飛び出た心臓をもつ美少女 ― 心臓脱出「カントレル五徴症」の恐怖

飛び出た心臓をもつ美少女 ― 心臓脱出「カントレル五徴症」の恐怖

「心臓」は人間の身体にとって最も重要なものであろう。しかし、下の写真を見ていただきたい。この新生児は、「カントレル五徴症(Pentalogy of Cantrell)」という先天性奇形で、心臓が体外に飛び出て生れてきた。この発症例は100万分の8と言われ、これまで世界では100例ほどが記録に残っているだけだという。

【その他の画像はコチラから→http://tocana.jp/2015/11/post_8050.html】

■「カントレル五徴症」とは?

 カントレル五徴症は横隔膜、腹壁、心膜、心臓、胸骨の5つに欠損が起こる。心臓脱出の症状を指して「カントレル症候群」と呼ばれることもあるようだ。

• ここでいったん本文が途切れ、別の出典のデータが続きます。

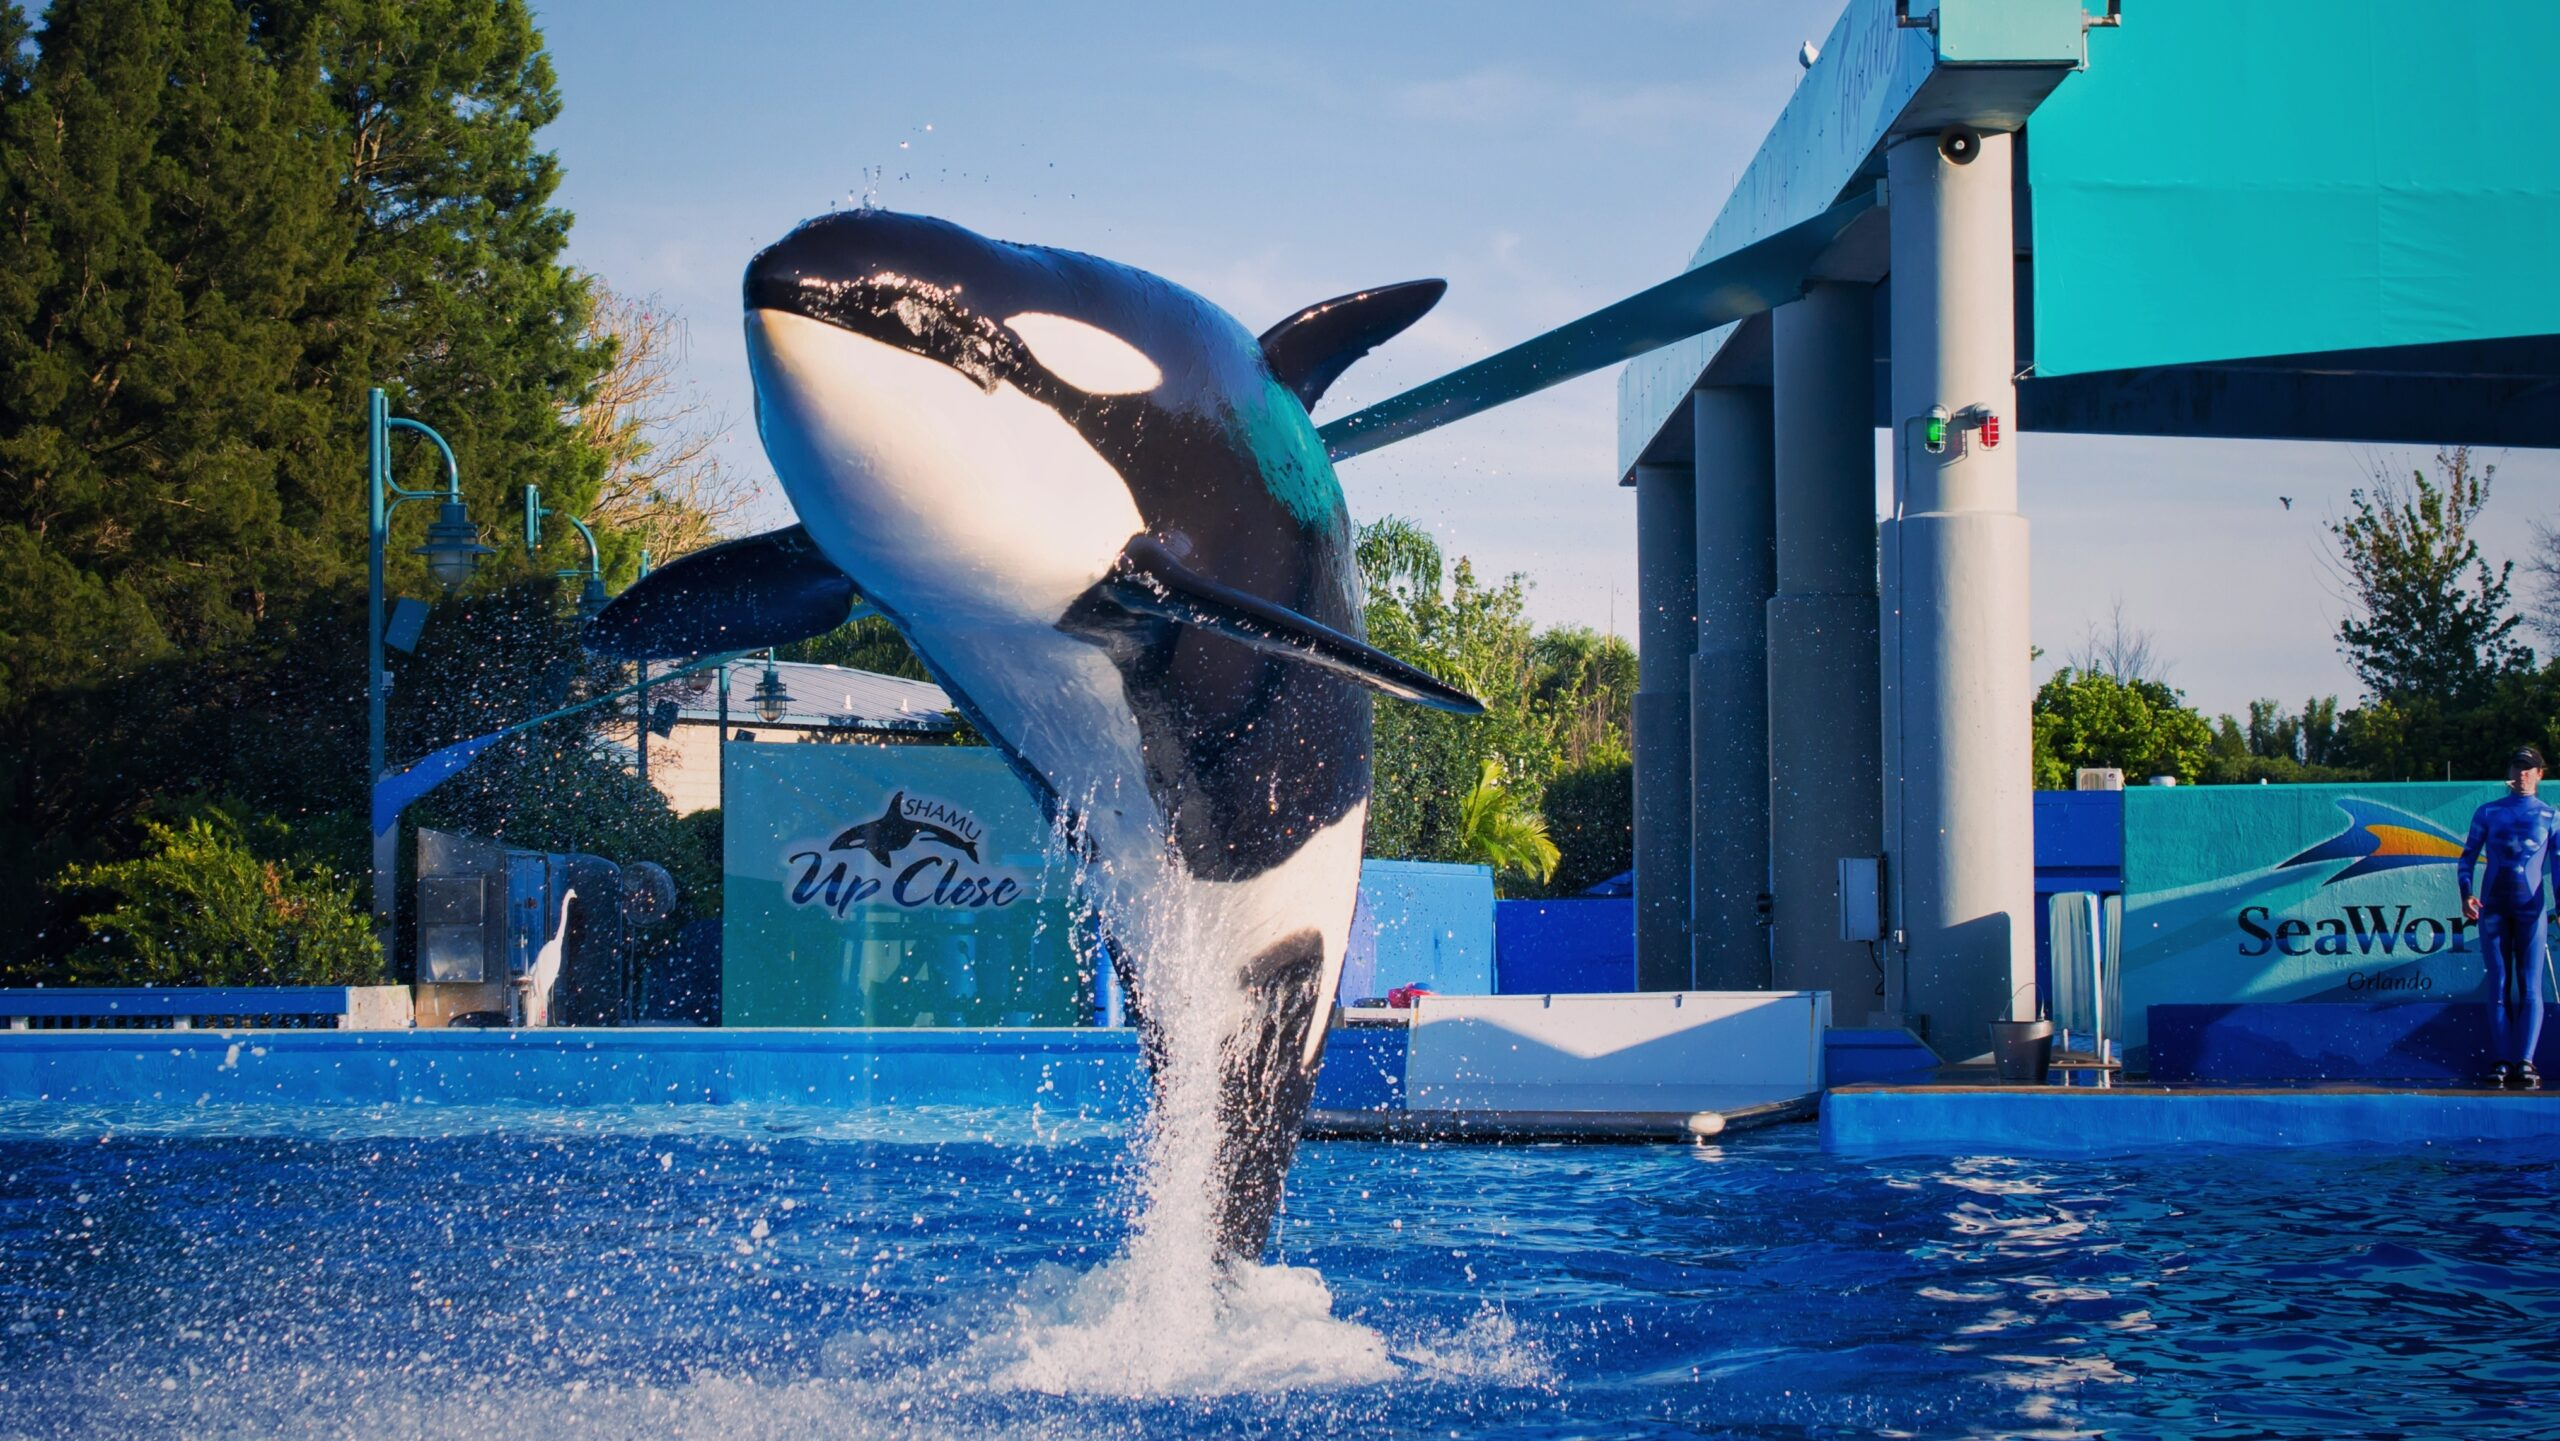 SeaWorld Orlando Attractions

上記写真のロシア在住のヴィルサヴィヤちゃん(6歳)の場合、胸骨の一部と横隔膜が欠落しているという。

 そして以前話題になった「飛び出た心臓を持つ18歳少年」ことアルピット・ゴヒルさんだが、彼もカントレル五徴症だ。彼は18歳までこの症状を持ちながら通常の生活に加えて農場での労働もこなしており、この症状を持つ患者の中では最も長く生存している。

■「カントレル五徴症」は本当に不治の病か?

「カントレル五徴症」の治療法だが、心臓手術であることに加えて、ほかの先天性奇形も併発しているため、今までは医者も複雑すぎて手を出せずにいたらしい。前述のヴィルサヴィヤちゃんも手術のために渡米したが、子供専門病院で検査の結果、手術はリスクが高すぎると診断されたという。ところが、世界初のカントレル五徴症の手術に成功した病院があったのだ。それも何と日本に!

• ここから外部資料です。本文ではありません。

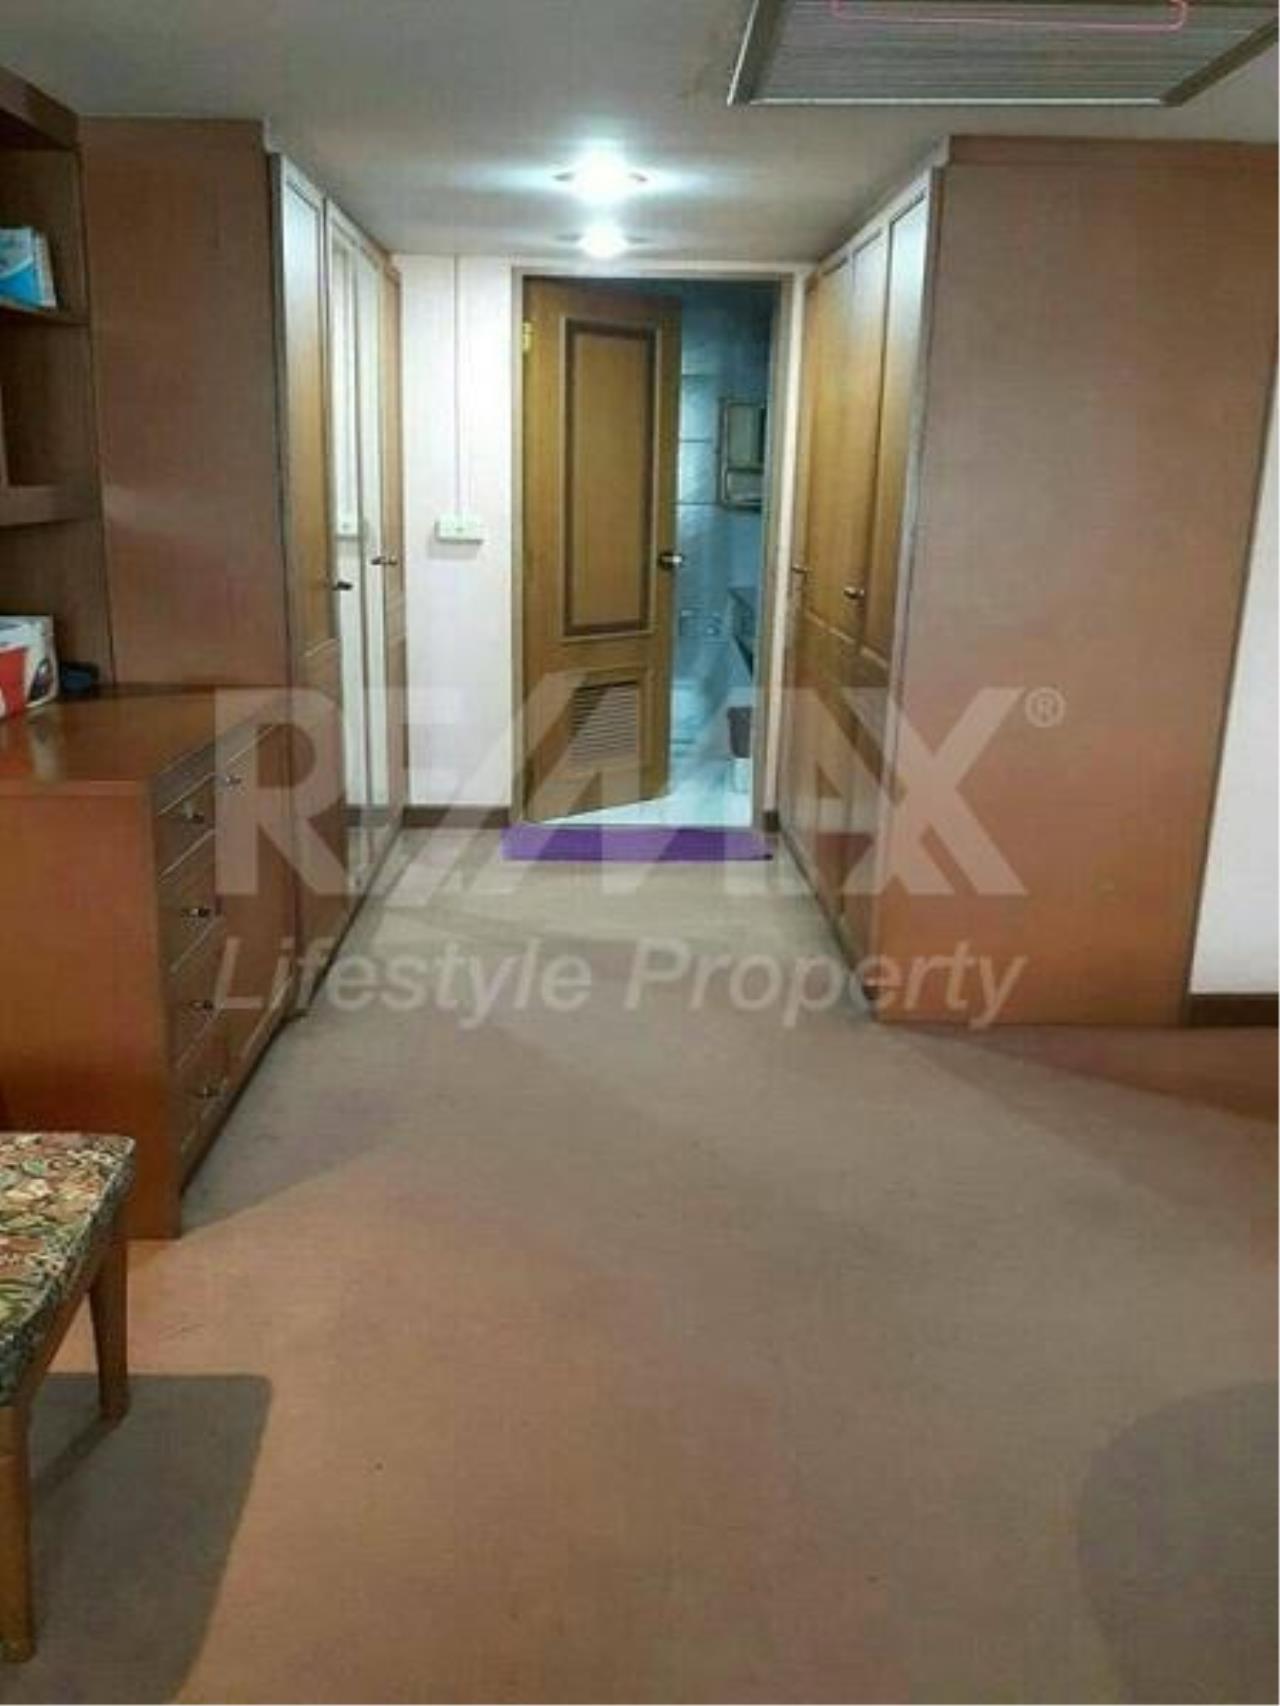 RE/MAX LifeStyle Property Agency's Omni Tower Sukhumvit Nana 9

 静岡県立こども病院は先月、「カントレル症候群」をはじめ複数の心臓疾患を抱えるマレーシアのリー・ウェン・ウィーさん(14歳)の手術に成功した。この心臓疾患に対する根治的な手術を成功させたのは世界初だという。

 リーさんはカントレル五徴症のほかにも、大動脈と肺動脈が両方とも右心室に直接つながっており、酸素不足で全身性チアノーゼを呈していた。3D画像診断などを駆使し治療方針を立てた上で、心臓血管外科と胸郭形成の計2回、17時間に及ぶ手術が行われた。手術にあたった坂本喜三郎副院長によると、「手術前は根治的治療が可能かどうか、50パーセント以下の確率でした。実際に胸を開いて心停止させ、心臓の状態を確認してから、できると確信しました」と語った。

 リーさんは順調に回復しており、記者会見でも「学校に行って、手術前はできなかった運動がしたい」と笑顔で語ったという。

 日本の医学によって、カントレル五徴症のような重度の心臓疾患の手術が成功したのは何とも喜ばしいニュースだ。この知識や技術が日本人だけではなく、この病気に苦しむ他国の子供にも早く適応できるようになってほしいと願う。